The direct-process component was considered for mt=51
from dwba calculation by dwucky code. [4,5]
The level scheme is given as follows:
no energy(MeV) spin/parity
gs 0.0000 0 +
1 0.1020 2 +
2 0.3295 4 +
3 0.6670 6 +
4 0.9007 2 +
5 1.0019 3 +
6 1.0871 0 +
7 1.0968 8 +
8 1.1280 4 +
9 1.1710 2 +
10 1.2863 4 +
11 1.3521 1 -
12 1.3567 3 -
13 1.4123 2 +
14 1.4204 0 +
15 1.4299 2 +
16 1.4597 6 +
17 1.4691 5 -
Levels above 1.500 MeV are assumed to be overlapping
mt= 16,17,22,28,103,104,105,107
(n,2n), (n,3n), (n,n'a), (n,n'p),
(n,p), (n,d), (n,t), (n,a)
Calculated using egnash [4].
mt=102 Capture cross secton
The capture cross section is based on the statistical model
calculations [3]. The cross section was normalized to 253 mb
at 500 keV [6]. The direct and semidirect capture cross
sections were added above 2 MeV by using the quick gnash
code [7,8].
mf=4 Angular distributions of secondary neutrons
mt=2
Calculated with the casthy code.
mt=16,17,22,28
Assumed to be isotropic in the laboratory system.
mt=51,---,67,91
Calculated with the casthy code.
For mt=51, the dwba component was taken into account.
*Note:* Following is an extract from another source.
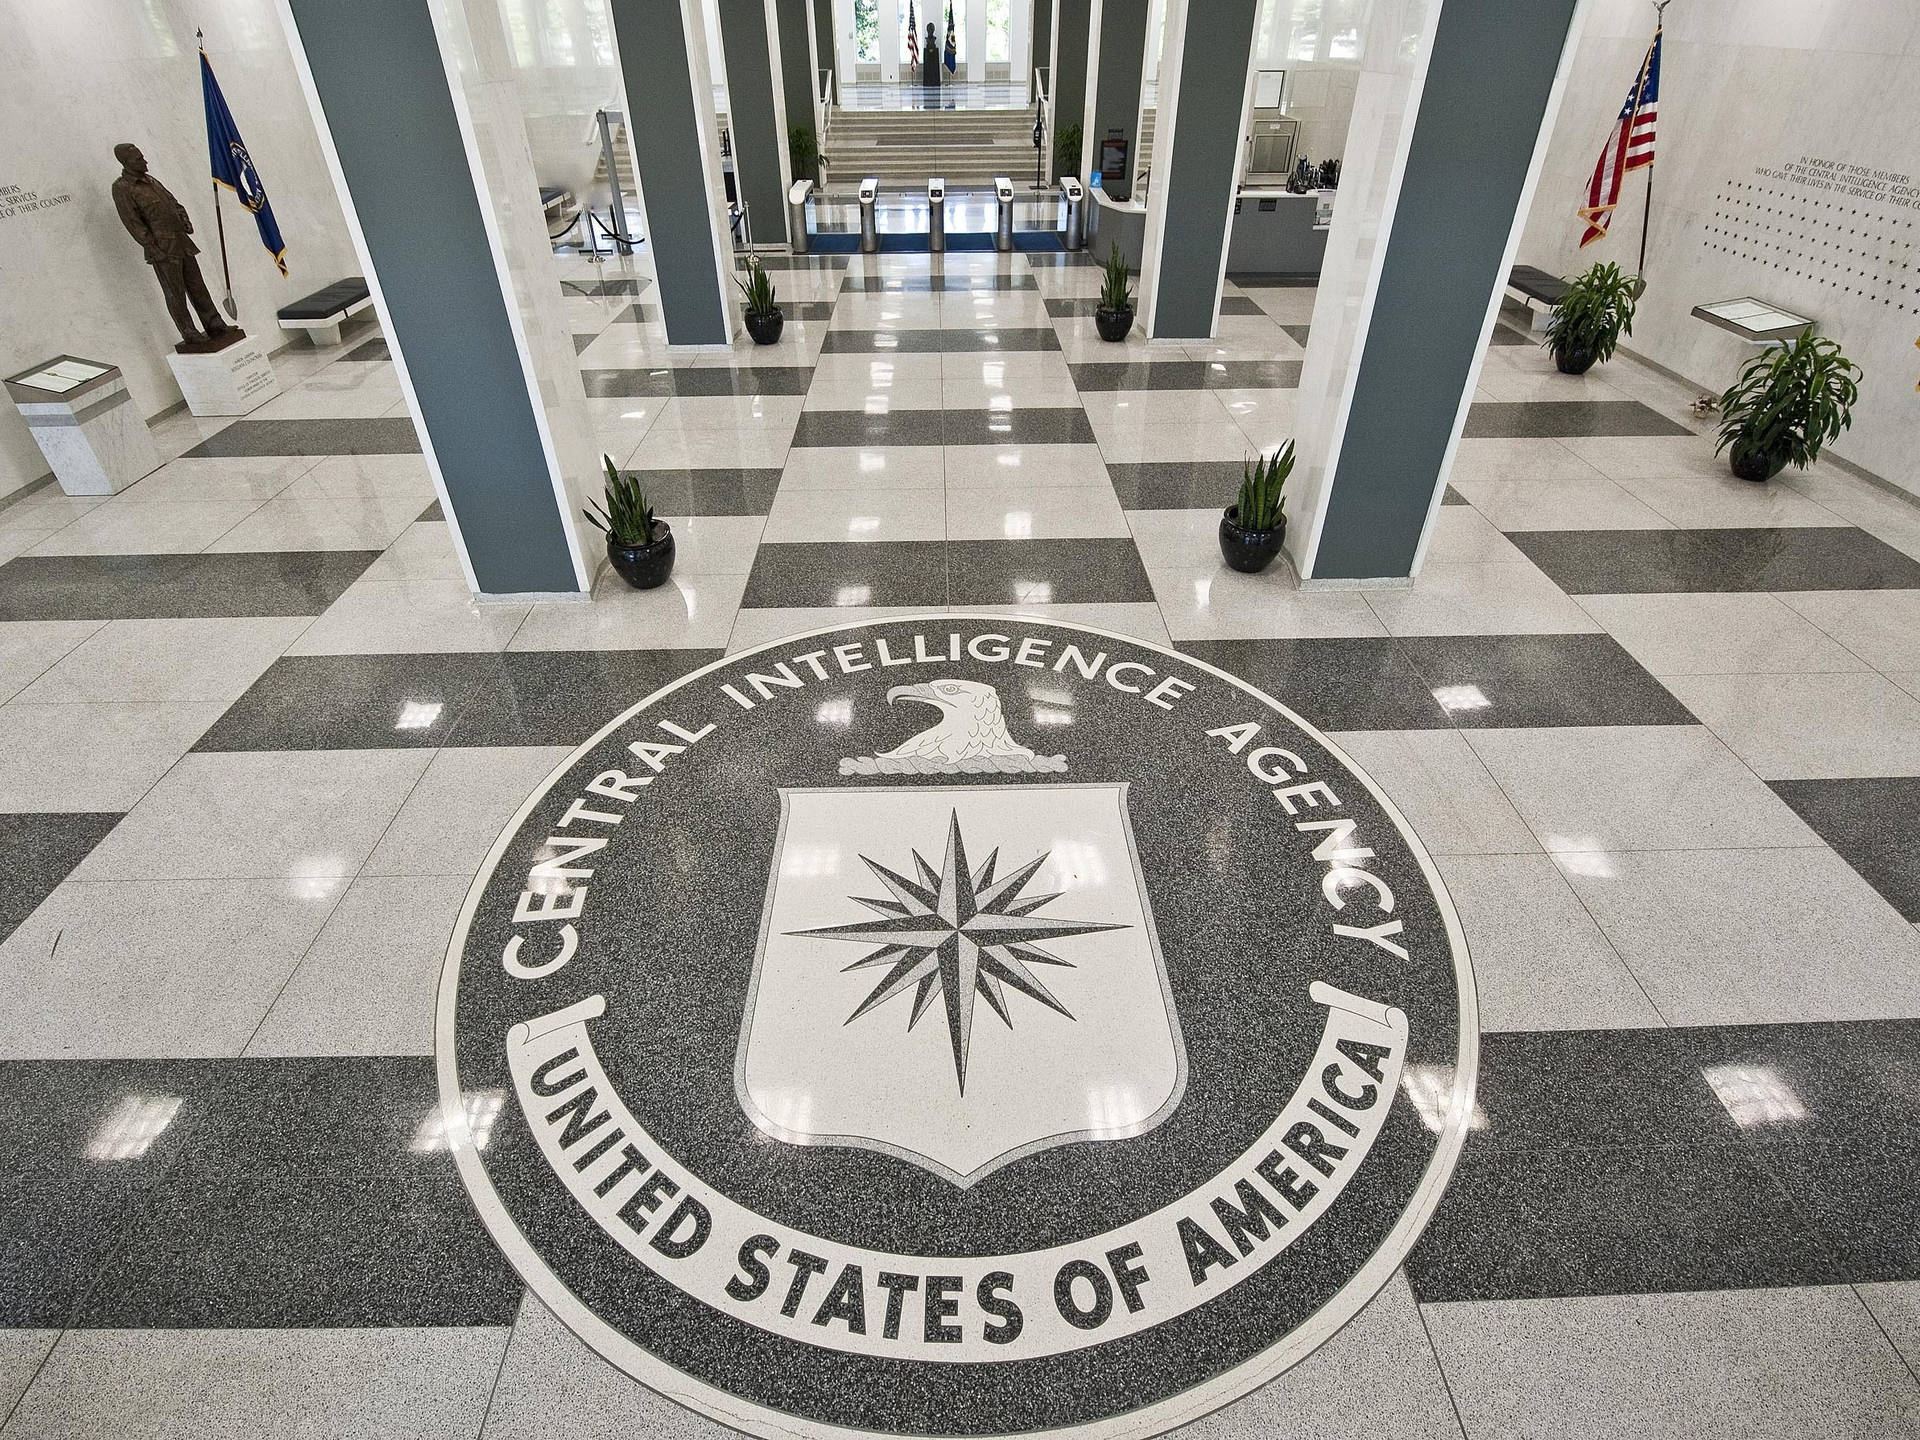 Emblem of Authority - CIA Logo on Government Building Wallpaper

mf=5 Energy distributions of secondary neutrons
mt=16,17,22,28,91
Calculated with the egnash code.
mf=12 Photon production multiplicities
mt=16,17,51-67,91,102,103,107
Calculated with the egnash code.
mf=14 Photon angular distributions
mt=16,17,51-67,91,102,103,107
Assumed to be isotropic.
mf=15 Photon energy distributions
mt=16,17,91,102,103,107
References
1. Landolt-Boernstein New Series I/16B (Aug 1998).
2. S. F. Mughabghab: "Neutron Cross Sections: Vol. 1,
Neutron Resonance Parameters and Thermal Cross Sections,
Part B: Z=61-100," Academic Press (1984).
3. S. Igarasi, T. Fukahori: JAERI 1321 (1991).
4. N. Yamamuro: JAERI-M 90-006 (1990).
5. P.D. Kunz: Unpublished.
6. Yu.N. Trofimov: Yadernye Konstanty, (2), 11 (1989).
7. P.G. Young et al.: LA-12343-MS, UC-413 (1992).
8. N. Yamano: Private communication.